Body Dysmorphic Disorder
Most of us have something about our body image that we don’t like or wish we could change. But, imagine worrying so much about a part of your body, like your face, legs, breasts, nose or skin tone – that you spend hours or days concerned about it?
This is called Body Dysmorphic Disorder, or BDD, chomas. People who suffer from BDD are obsessed about their body image and can’t think of anything else and this can last for hours or the whole day. They may avoid people completely because they are scared that others can see these flaws and judge them. This may start to affect their relationships with their close friends or family members.
Understanding Body Dysmorphic Disorder
Body dysmorphic disorder, or BDD, is a mental condition where someone is obsessed with the ‘flaws’ on their bodies, like their face, legs, breasts or overall body shape. If you have BDD, you might feel that one of your body parts is too big, too small or out of proportion to the rest of the body.

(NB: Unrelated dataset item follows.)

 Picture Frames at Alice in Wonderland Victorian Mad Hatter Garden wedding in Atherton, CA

You would find it difficult to stop focusing on your ‘flaws’, believing that you have a defect or are deformed in some way and believe people can also notice this. You would also spend a lot of time comparing yourself to others and believe that others think you are ugly.
Symptoms of BDD
If you have BDD you may develop low self-esteem and have negative emotions like shame. This can lead to problems at school or work because you may start to miss class or not perform well at work. The thought of ‘being ugly’ takes over your life and going out in public might be difficult because you would start finding ways to hide your flaws, for example:
- Checking in the mirror/avoiding the mirror completely
- Exercising too much in order lose weight
- Wearing too much make-up
- Wear layers of clothes, even in summer
- Skin picking, which leaves marks on your body
What causes BDD?
BDD may be triggered by:
- Low self-esteem
- Parents or friends who were critical of your appearance
- A traumatic experience or emotional conflict while growing up
- The media, which always shows ‘perfect’ looking people
Is there treatment for people living with Body Dysmorphic Disorder?

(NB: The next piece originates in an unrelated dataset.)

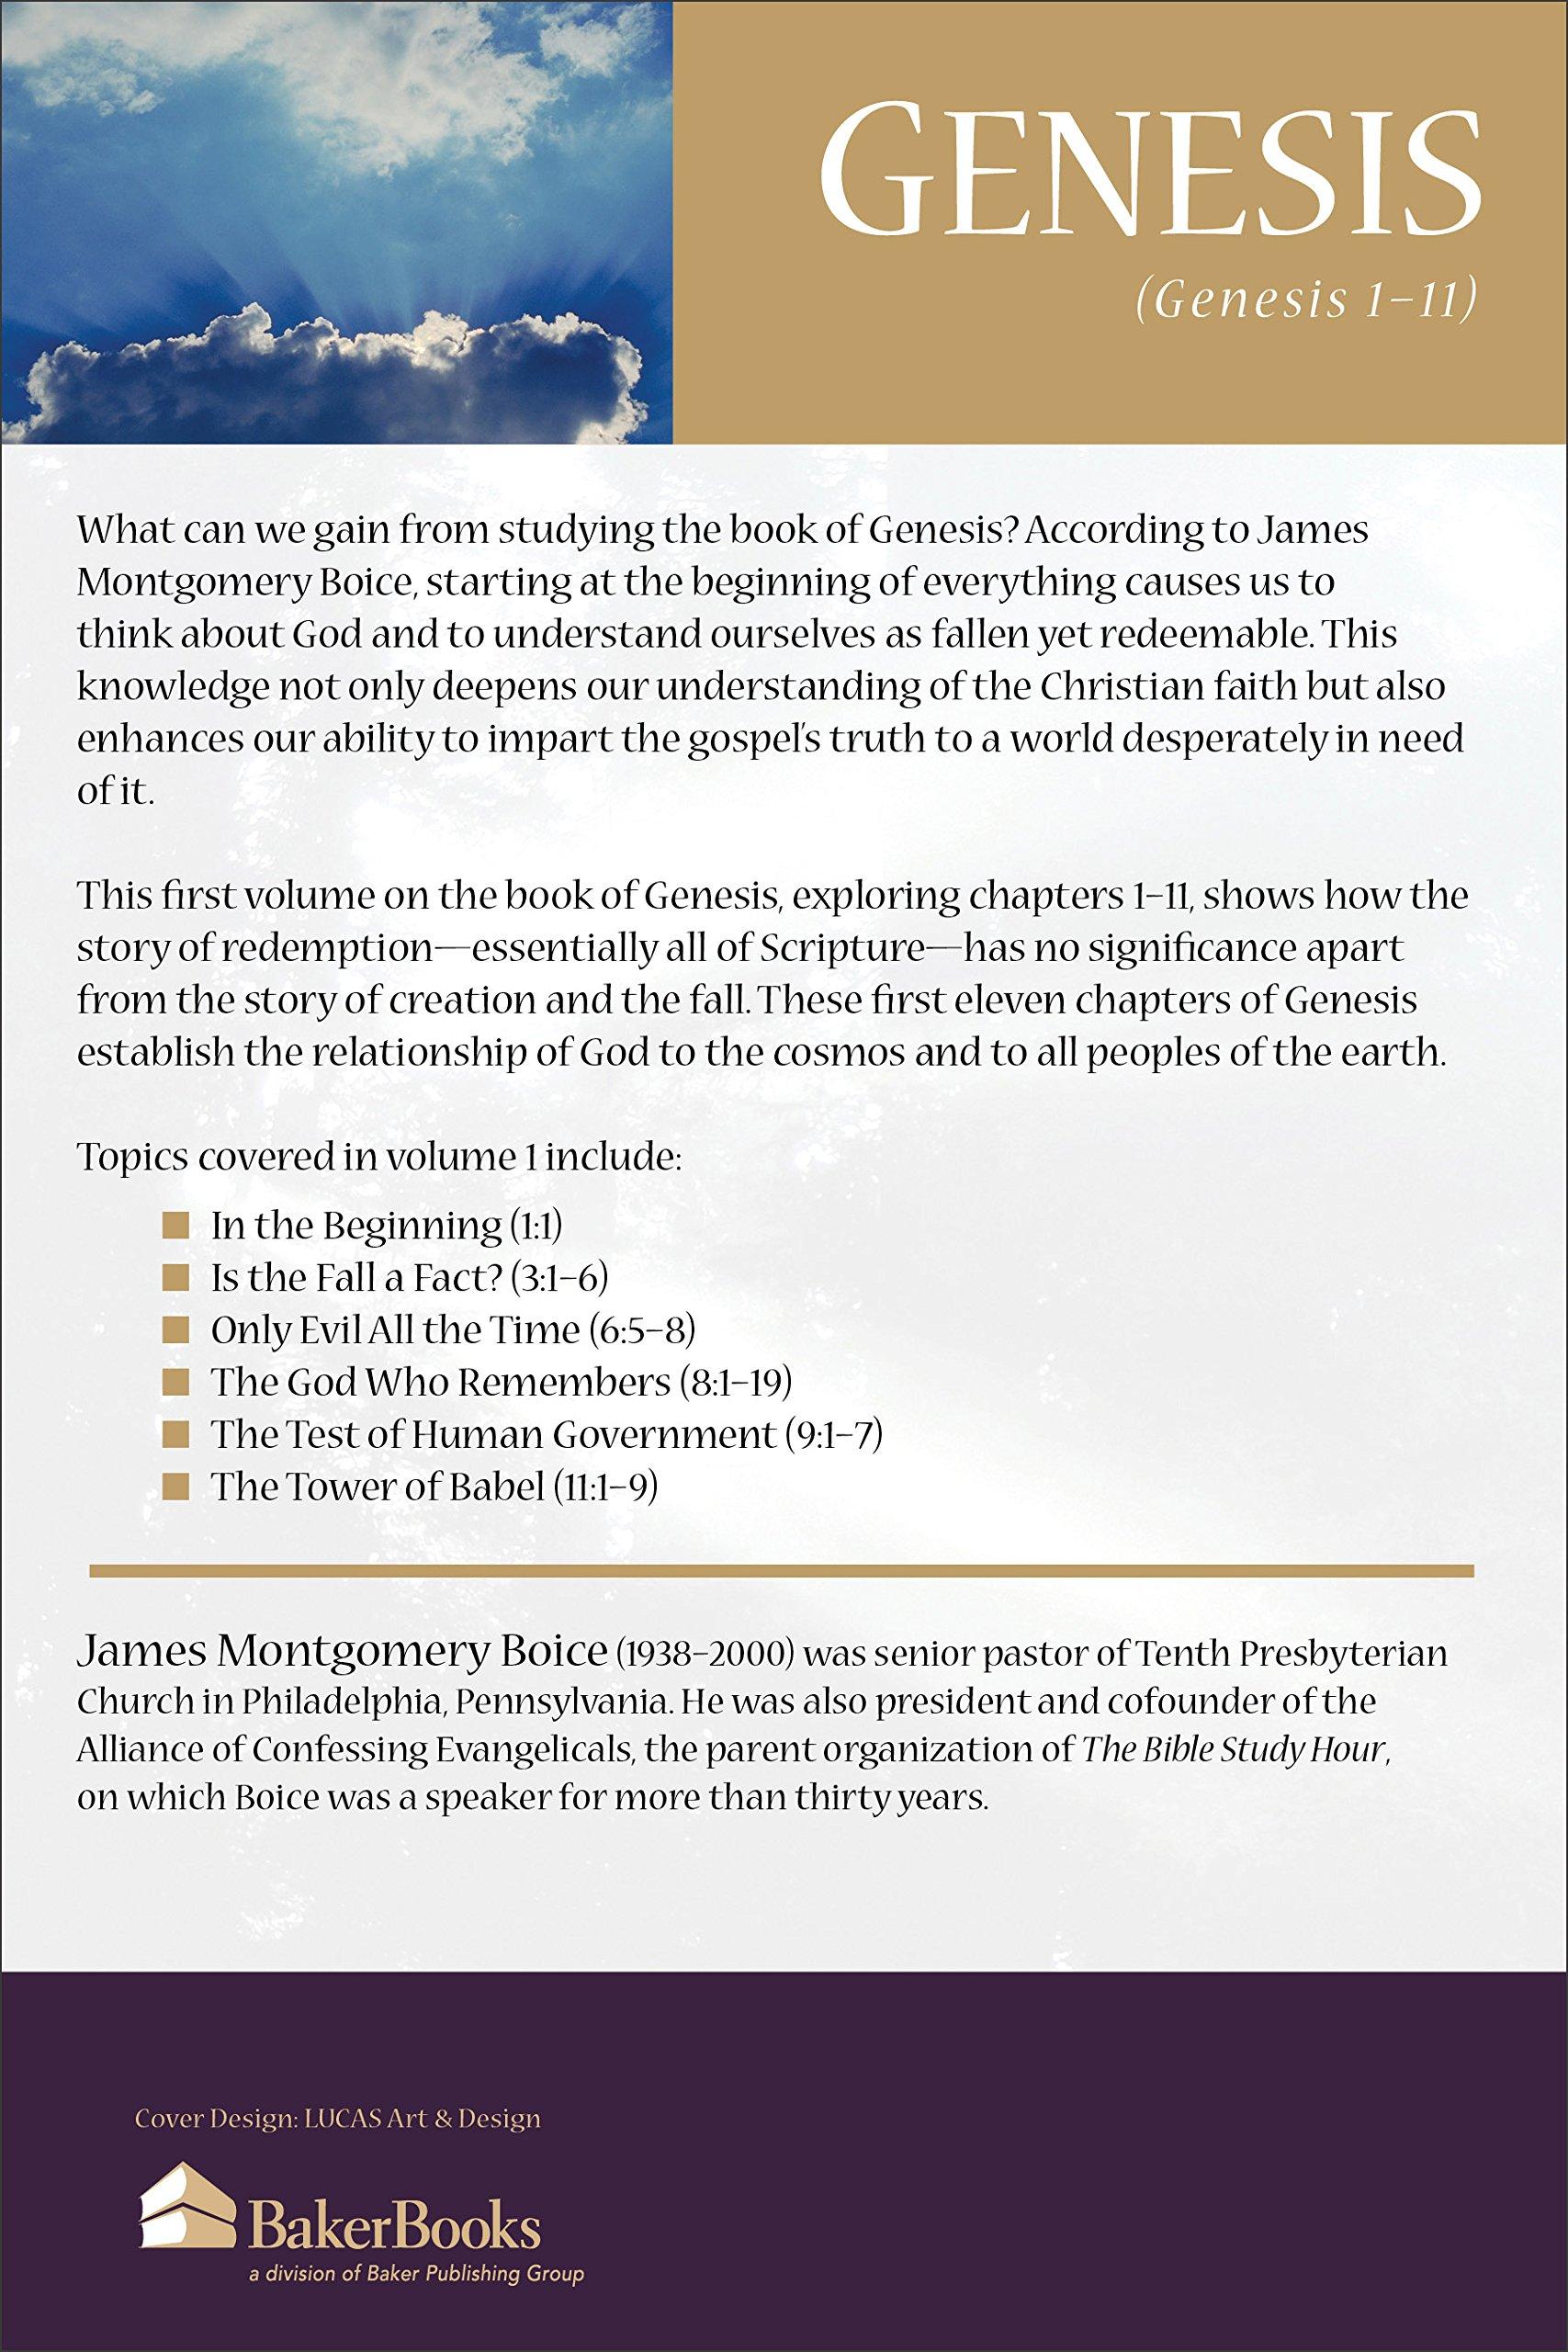 genesis an expositional commentary vol 1 genesis 1 11 james

If you think you may have BDD then talking to a doctor or a mental health professional, through therapy, is a great start. If it’s triggered by someone you live with, maybe ask them to stop talking about your body parts or your appearance because it hurts you and makes you feel negative emotions. If someone close to you has BDD, make sure your words are always supportive and positive.
Remember chomas, BDD is a real disorder and it’s about more than just wanting to fix your appearance. Someone with BDD truly believes that there is something wrong with them even though there isn’t and this constant struggle disturbs the person’s life and keeps them from actually feeling happy. Body Dysmorphic Disorder is nobody’s fault. The sooner you get help, if you are diagnosed with BDD, the sooner you can be on the road to recovery. It may be frustrating in the beginning but once you release yourself from these negative thoughts, you will realise your true worth – that you are beautiful just as you are.